Government funding and research on SMA: At the same time, the National Institutes of Health (NIH), Centers for Disease Control and Prevention (CDC), and United States Department of Defense (DOD) have also funded research on SMA. The NIH has selected SMA as the disease target for a pilot project in translational research. The selection was based on the facts that SMA:- Offers a high probability for the development of a treatment or cure- Is relatively common- Is a devastating children’s disease - Has no current treatment Current funding for SMA research from the National Institute of Neurological Disease and Stroke (NINDS) is approximately $16M annually. For more information about the NINDS translational research project, please visit the SMA Project website.

What is Spinal Muscular Atrophy with Respiratory Distress (SMARD) and does the SMA Foundation work on this disease?

SMARD and SMA are separate diseases with distinct causes, though the two diseases are characterized by similar symptoms, such as muscle weakness and atrophy. Spinal Muscular Atrophy with Respiratory Distress (SMARD) is a rare neuromuscular disease that results from the absence of, or mutations in, the IGHMBP2 gene, whereas SMA is caused by the absence of, or mutations in, both copies of the SMN1 gene. People with SMARD usually develop initial weakness in distal muscles (muscles furthest from the center of the body, such as those in fingers and toes), unlike patients with SMA, who usually develop weakness in proximal muscles (muscles closest to the center of the body, such as those in the trunk and neck) first. SMARD is also frequently characterized by foot abnormalities and sudden respiratory failure. Although the SMA Foundation focuses solely on the development of treatments for SMN1 gene-associated SMA, there is hope that our research may lead to symptomatic therapies that would also be of help to people living with SMARD.

For additional information about and support for individuals and families with SMARD, we can recommend the following resources:

ClinicalTrials.gov for the latest information on clinical trials
The Jennifer Trust, an SMA patient advocacy and support organization. Their website contains information about SMARD
Peer-reviewed journal publications on SMARD by Grohmann et. al. (2003) and Rudnik-Schoneborn et al (2004)

What is Spinal and Bulbar Muscular Atrophy (Kennedy’s Disease), and does the SMA Foundation work on this disease?

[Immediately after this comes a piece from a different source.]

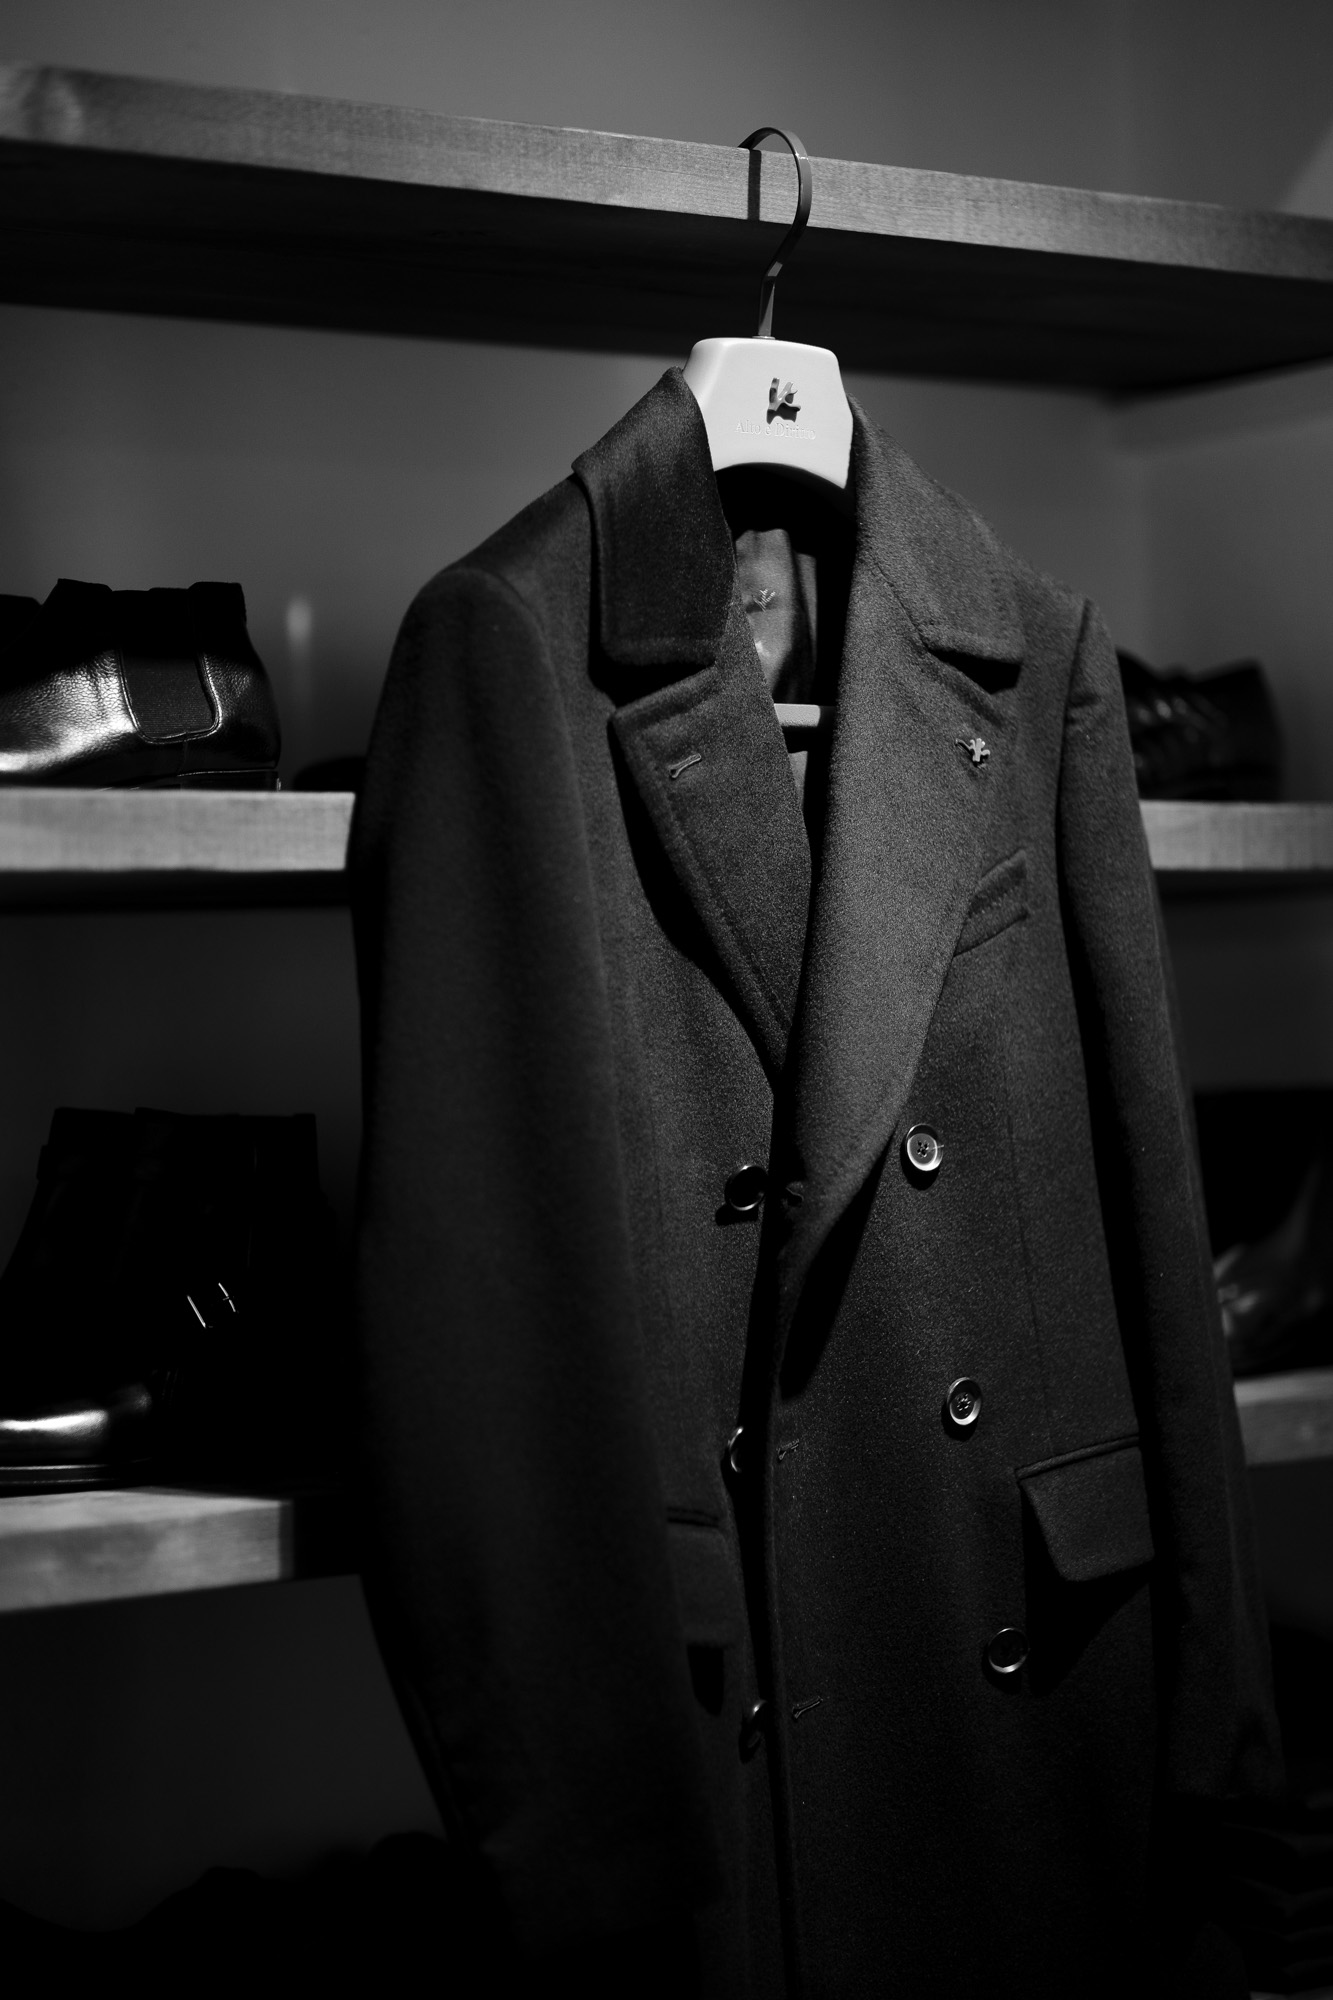 ISAIA Cashmere Single Chester Coat , Double Chester Coat 2021 AW 【Special Model】 イザイア 2021秋冬 カシミヤ 超絶生地 COAT コート シングルコート ダブルコート チェスターコート スペシャルモデル  愛知 名古屋 Alto e Diritto altoediritto アルトエデリット

Although Spinal and Bulbar Muscular Atrophy and Spinal Muscular Atrophy are both neuromuscular diseases and share certain symptoms, they are separate diseases with distinct causes. Symptoms of Spinal and Bulbar Muscular Atrophy, also known as Kennedy’s Disease, include muscle weakness and wasting and, occasionally, sensory and endocrine disturbances. Unlike SMA, which is caused by deletions or defects in both copies of the SMN1 gene, Kennedy’s Disease is caused by a recessive mutation on the X chromosome. Although our work at the SMA Foundation focuses solely on the development of treatments for SMN1 gene-associated SMA, there is hope that our research may lead to symptomatic therapies that would also be of help to people living with Kennedy’s Disease.

For additional information about, and support for, individuals and families with Kennedy’s Disease, we recommend the following resources:

ClinicalTrials.gov for the latest information on clinical trials.
Kennedy’s Disease Association, a patient advocacy group.
Peer-reviewed journal publications on Kennedy’s disease by Suzuki et al (2009) and Finsterer (2009).